The committee also heard from Paul Bertrand, National Capital Region Training and Delivery Manager for LivingWorks Education USA. For more than 40 years, LivingWorks has delivered suicide prevention and intervention training to communities, organizations, businesses, active-duty military and first responders.
Bertrand likened suicide prevention training to teaching CPR in that you don’t have to be a doctor to either learn or perform CPR. “When you have a heart attack here, or at home, wherever you are, do you need a cardiac surgeon with you right there?” he said. “Absolutely not. But what you do need is someone who is trained in CPR. We’re training people in that first step.”
LivingWorks provides three different types of suicide prevention training: the two-day ASIST course, the four-hour safeTALK course and Start, an online course. All three have overlapping portions.
“We teach people that people often do give off invitations to get involved and invitations that they need help,” Bertrand said. “People aren’t going to walk right up to you and tell you, ‘I’m thinking of suicide.’
“But what they do, very often more than not, is give off invitations that something big is going on, and they could use a little help right now. We specifically teach people to recognize those invitations. How to explore those invitations. What to say. How to specifically ask.”
Bertrand suggested American Legion departments and posts look into hosting training sessions so they can reach members who might be at risk but aren’t ready to talk about it.
“If they want to be the one, they have to know how to do it,” he said. “Veterans … oftentimes they’re not really comfortable seeking help. They want to be able to handle everything themselves. (They) are very good at compartmentalizing, not letting people in and to see what is really going on.”
The American Legion Department of Virginia is conducting LivingWorks training at both the state and post level. Bertrand said grants are available to help Legion posts and departments host training sessions; Bertrand said LivingWorks would help write the grant for the Legion, which they could then submit.
Also addressing the committee from Columbia University professor emerita Dr.

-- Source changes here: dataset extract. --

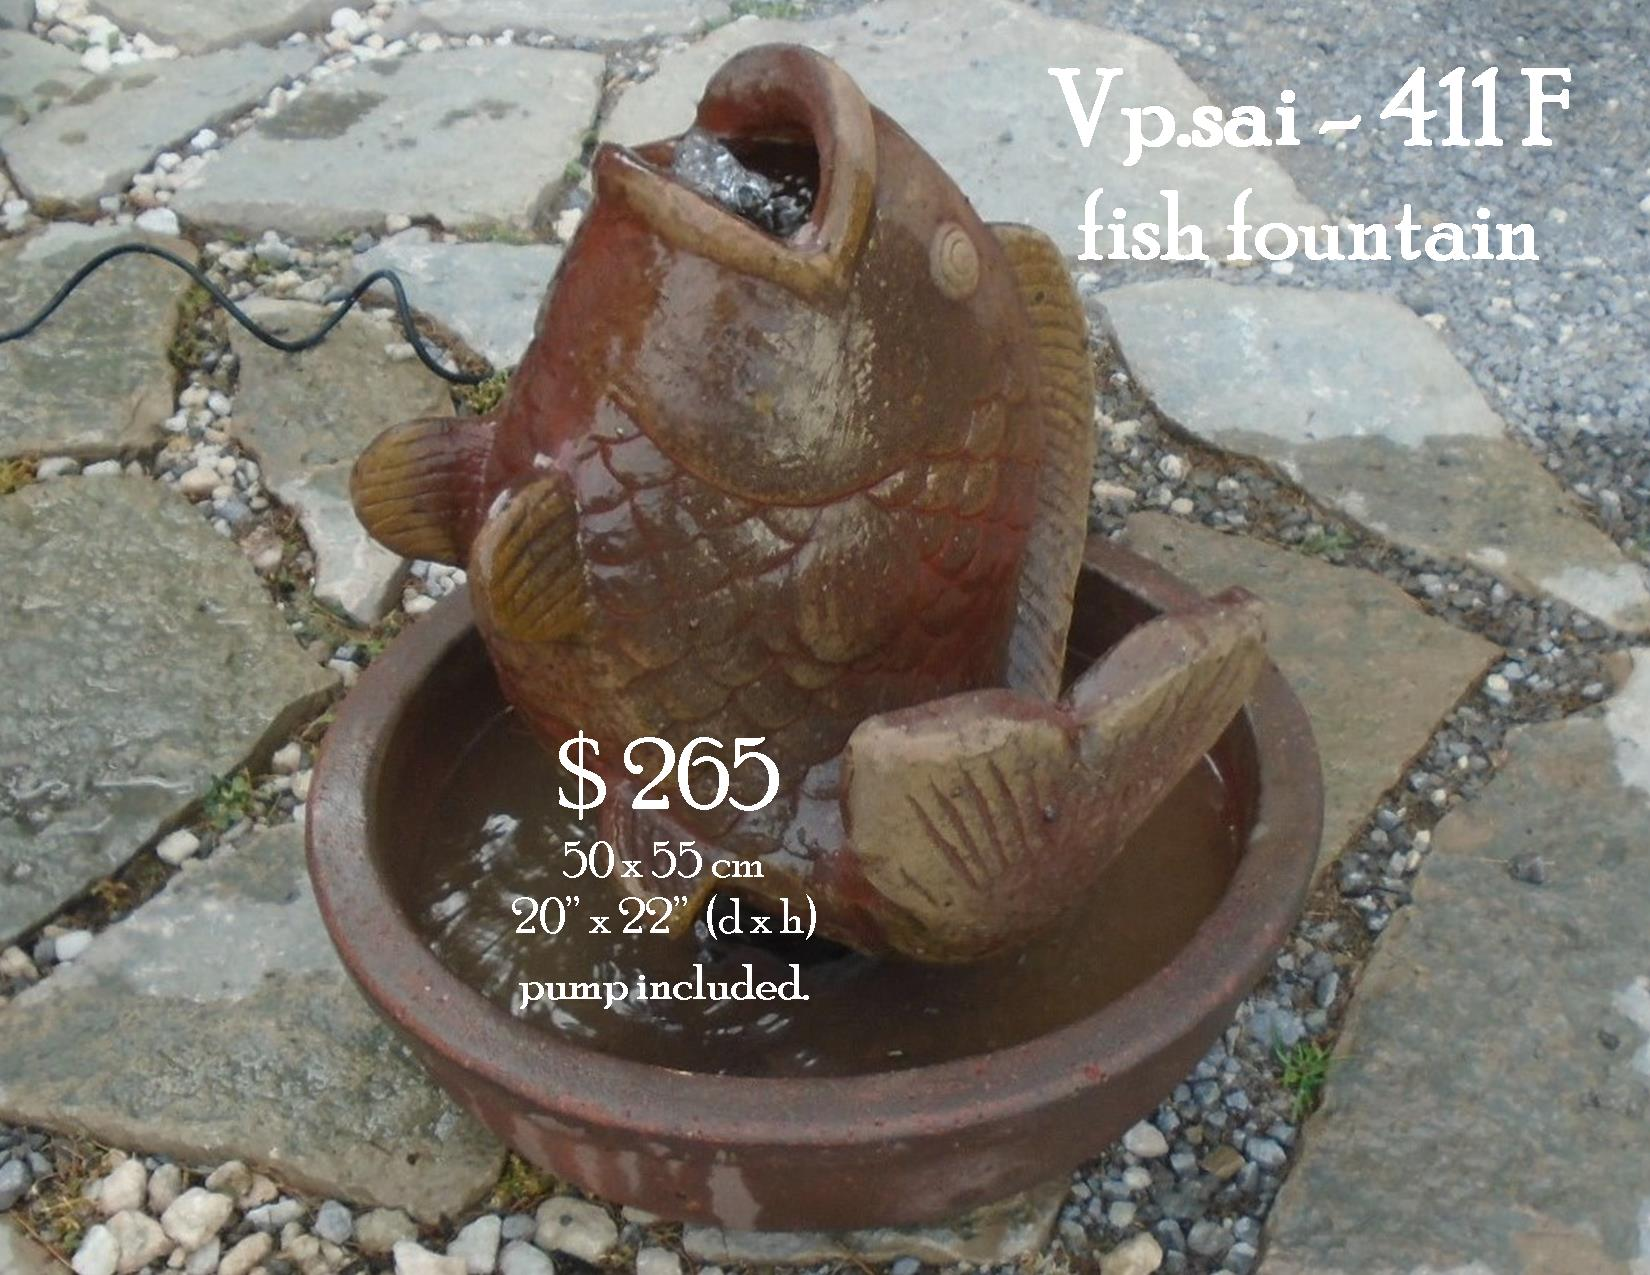 Vp.sai - 411 F fish fountain

Jean Stellman, who is teamed with her husband and The American Legion to conduct a ground-breaking study linking Vietnam War veterans’ illnesses to Agent Orange sprayed by the U.S. military as an herbicide and defoliant.

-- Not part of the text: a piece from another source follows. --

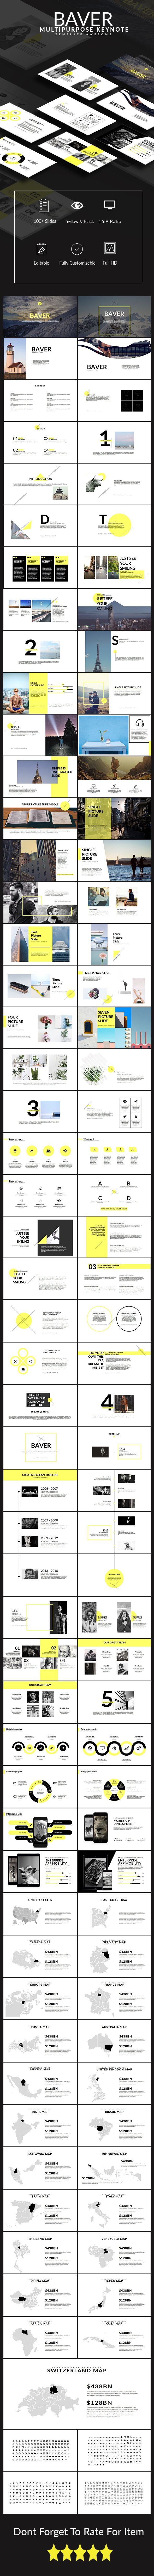 Baver Multipurpose Keynote Presentation Template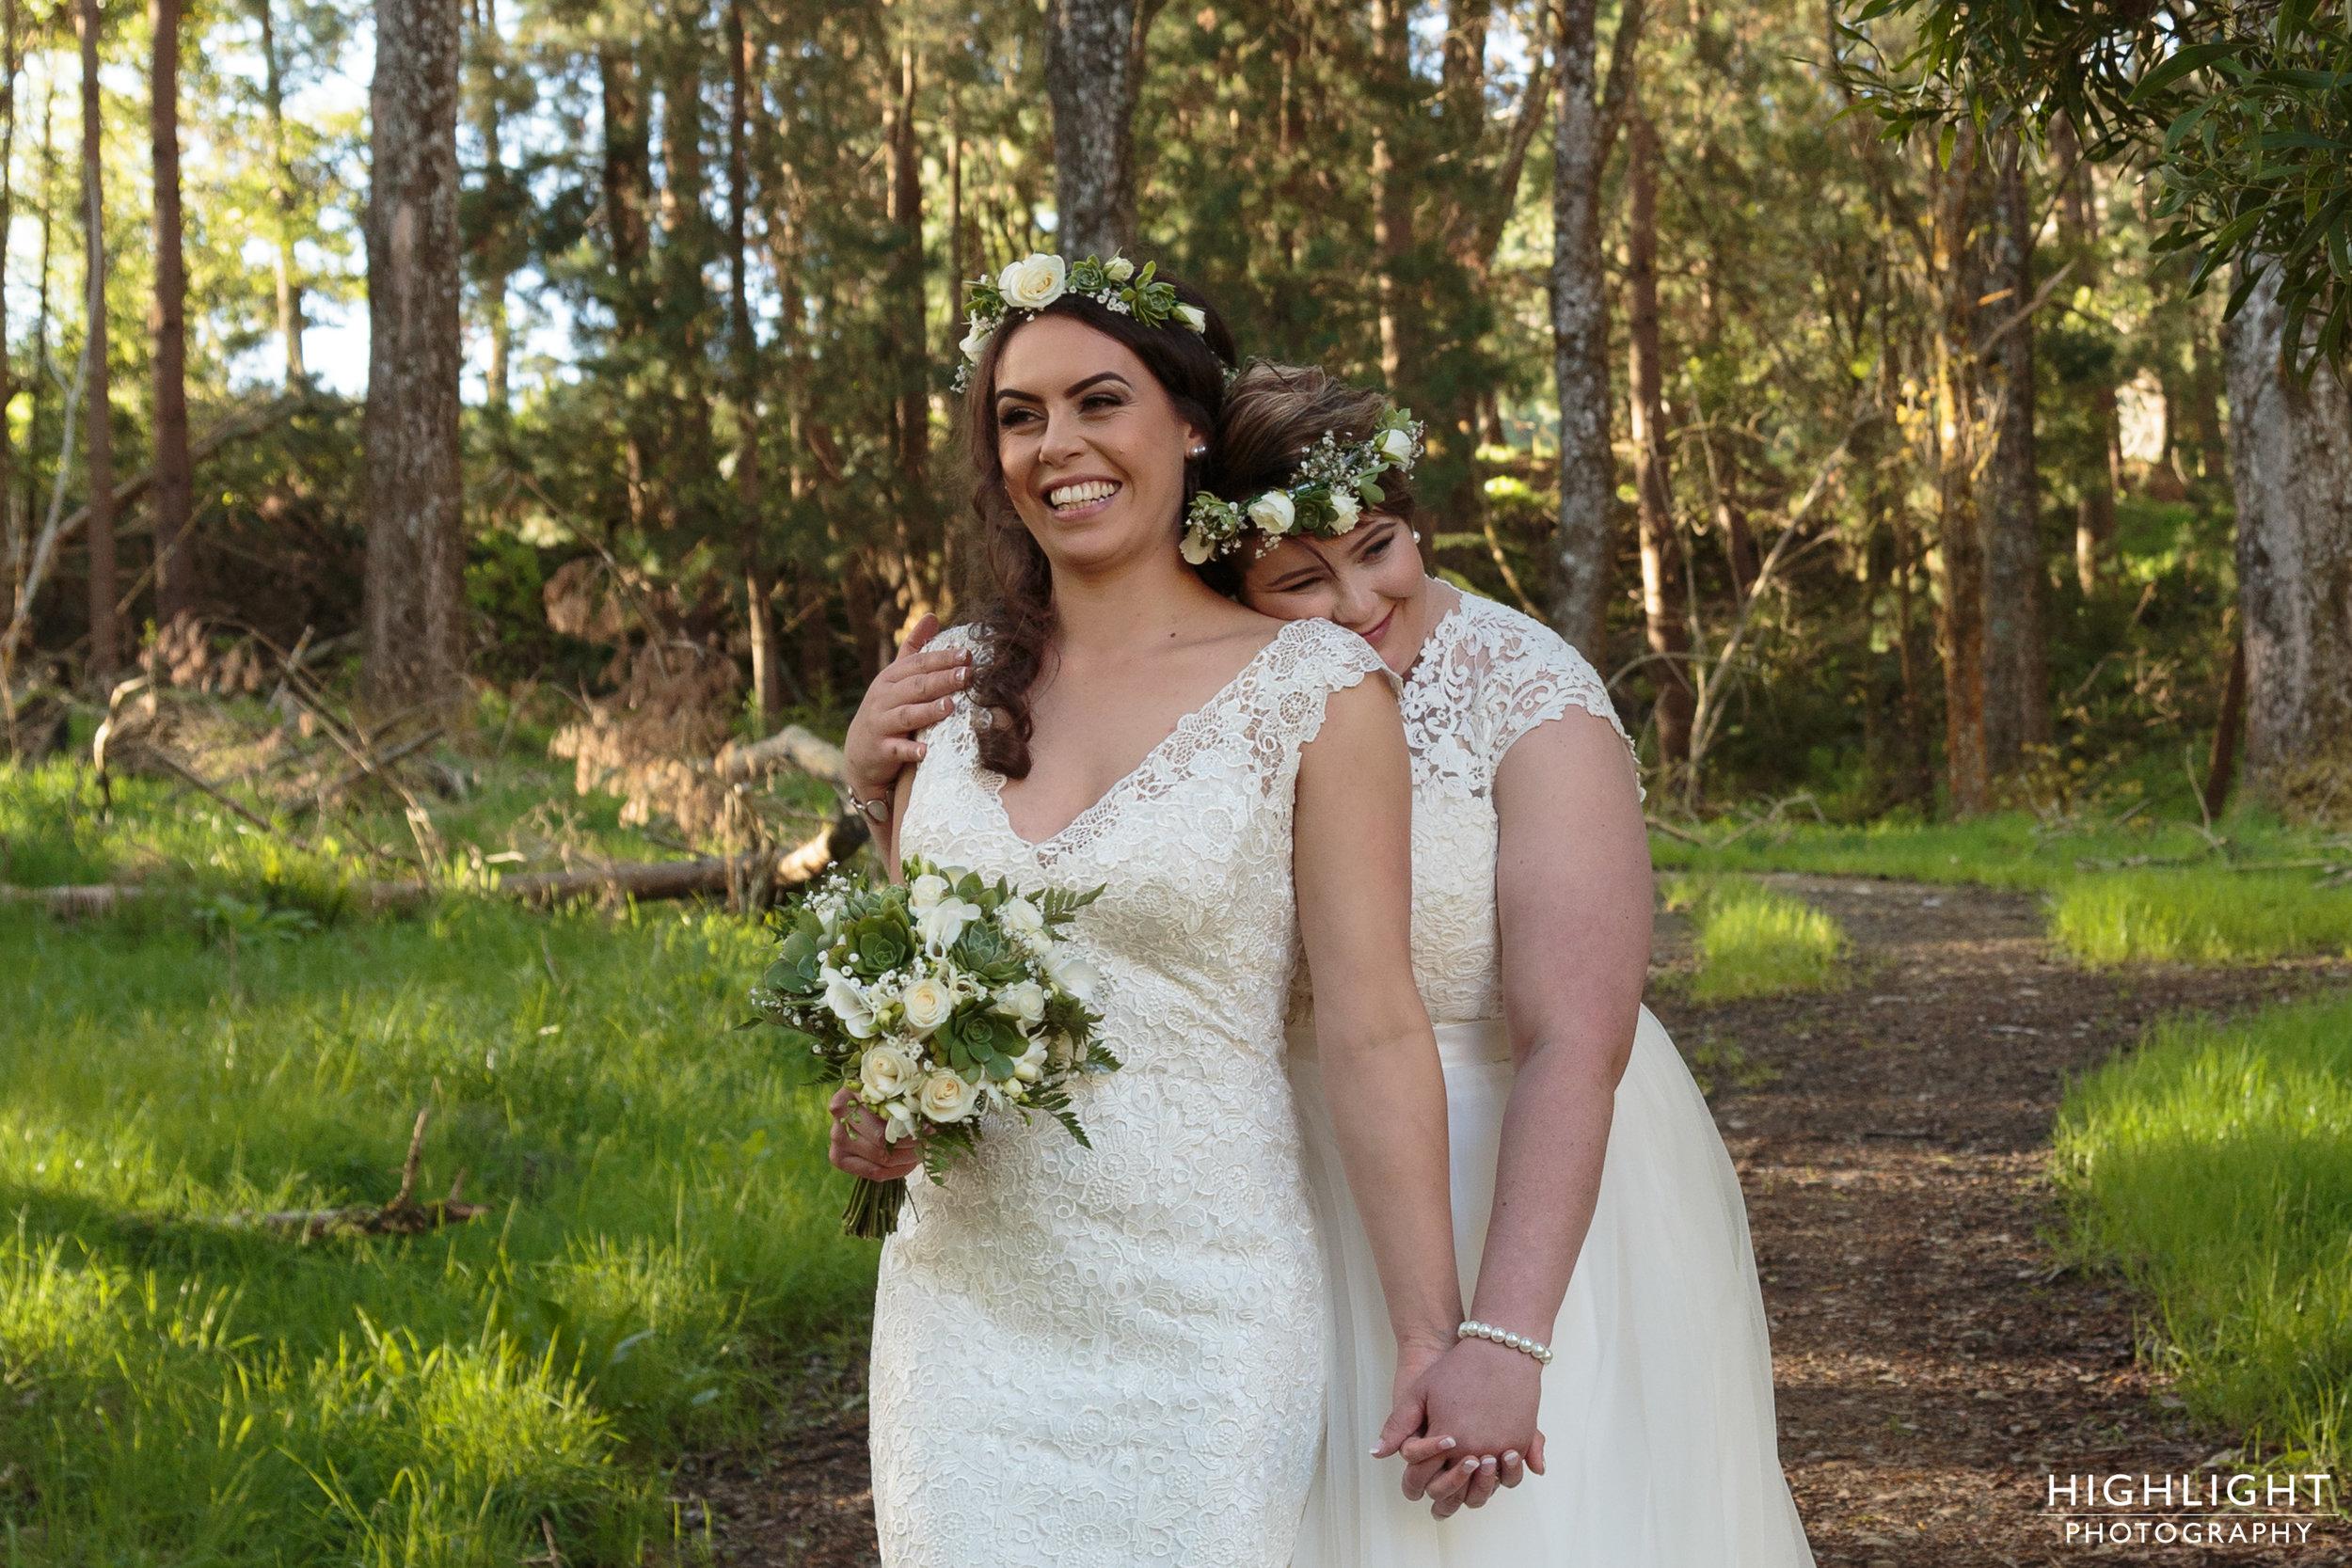 highlight_wedding_photography_makoura_lodge_manawatu_new_zealand-125.jpg

Stellman shared results from a study she began in 1984 tracking a group of Vietnam veterans’ health at different stages in the past 40 years – what the data said about PTSD in those veterans.
Stellman noted that her study has shown that “the more combat you were exposed to, the more (PTSD) symptoms you were you going to have, and this was going to last, on average, your whole life. There is a very, very, very high correlation between combat exposure and the PTSD symptoms.”
She noted that there is a relationship between PTSD and metabolic syndrome, heart disease, diabetes and other diseases. “When we talk about PTSD, we are also talking, we believe, about chronic health effects,” Stellman said.
But Stellman also noted that social support, such as through The American Legion’s Be the One program, can make a difference. She shared a graphic that showed veterans with PTSD who’ve received some form of social support are significantly different from those who did not.
“Any way that you look at it, these programs can have an important effect,” she said. “You have had the wherewithal to be a part of this organization, and that itself is social support.”